We remark on the fact that the duration of the MMTT in our series was extended to 240 min because some patients may experience what is known as postprandial delayed hypoglycemia. Indeed, in three of the 12 patients in the Hypo group (25%), the minimum glucose levels were reached after 180 min. This consideration must be taken into account, especially in the specific setting of post-bariatric patients since shorter evaluations of only 120 min after intake of the mixed meal may underestimate the true prevalence of postprandial hypoglycemia during the MMTT and reduce its utility for diagnosis. This issue may turn markedly relevant. For instance, according to Halperin et al., CGM exhibits a higher sensibility and specificity (90% and 50%, respectively) for detecting hypoglycemia than MMTT (33% and 40%, respectively) [17]. Kefur et al. found similar trends favors to CGM [18]. However, Honka et al. presented opposite results; they found a higher sensibility and specificity (77% and 100%, respectively) for the MMT for detecting hypoglycemia [19]. It is worth noting that Halperin et al. [17] performed their MMTT with a mixed meal containing 40 g of carbohydrates, and a duration of only 120 min, which, as previously mentioned, may reduce the test’s sensibility. Kefur et al. [18], on their part, used a mixed meal with only 28 g of carbohydrates, which is not enough for detecting hypoglycemia, and, therefore, also reducing their test’s sensibility. Using around 50 g of carbohydrate mixed meal and a sufficiently long duration for the test, similar to the one performed in our study, the sensibility and specificity of the MMTT are significantly better than for CGM [6,19]. The composition of the MMTT may also be relevant, but it has not been consistently standardized. Although the total glucose load is lower than in the OGTT, the mixed intake of protein and fat also triggers insulin secretion. In addition, because the usual presentation of the mixed meal is in the format of a liquid preparation, it passes quickly through the gastric pouch and the small intestine, thereby potentially increasing the risk of early dumping and PBH.

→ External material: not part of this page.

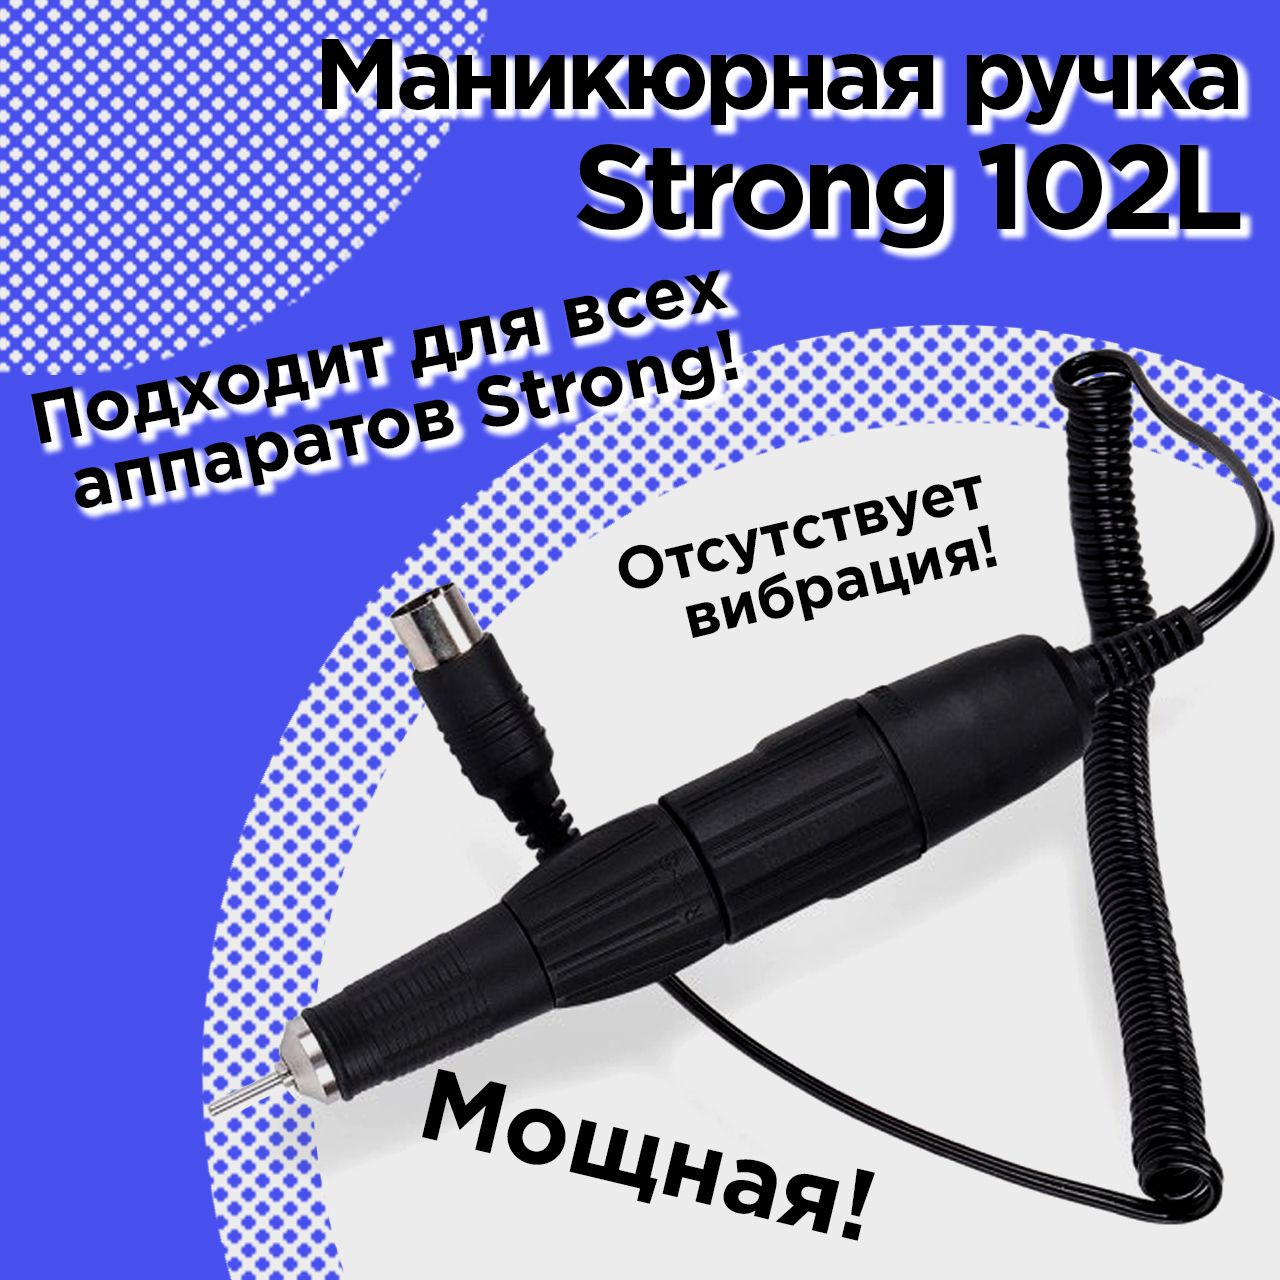 Ручка для маникюрного аппарата Strong 102L Китай папка для тетрадей а4 селфи кот 34 30 10см пластик молния выруб ручка расширение

From a clinical point of view, CGM seems more attractive than an MMTT to detect hypoglycemia, since it allows the analysis of glucose excursions during day and night, for several days, in relation to real-world patient’s everyday life, and even detects asymptomatic and unawareness hypoglycemia, such as nocturnal hypoglycemia, not only postprandial hypoglycemia [20]. In a recent meta-analysis of eight studies including 280 post-bariatric patients, around 50% exhibited diurnal and nocturnal hypoglycemia, according to CGM. Therefore, the authors concluded that CGM is the most efficient and precise method for detecting any form of PBH [6], in agreement with previous studies [17,18]. Another interesting finding of this meta-analysis is that patients with previous RYGB exhibit a greater glucose variability than patients who underwent sleeve gastrectomy (SG); in fact, they noted that diurnal hypoglycemia was more characteristic for post-SG patients, whilst nocturnal hypoglycemia was more frequently observed in post-RYGB patients. In line with these observations, a previous study performed by our group revealed a greater glucose variability in patients with prior RYGB, in comparison to patients in whom their BS preserved the gastric pyloric sphincter [21].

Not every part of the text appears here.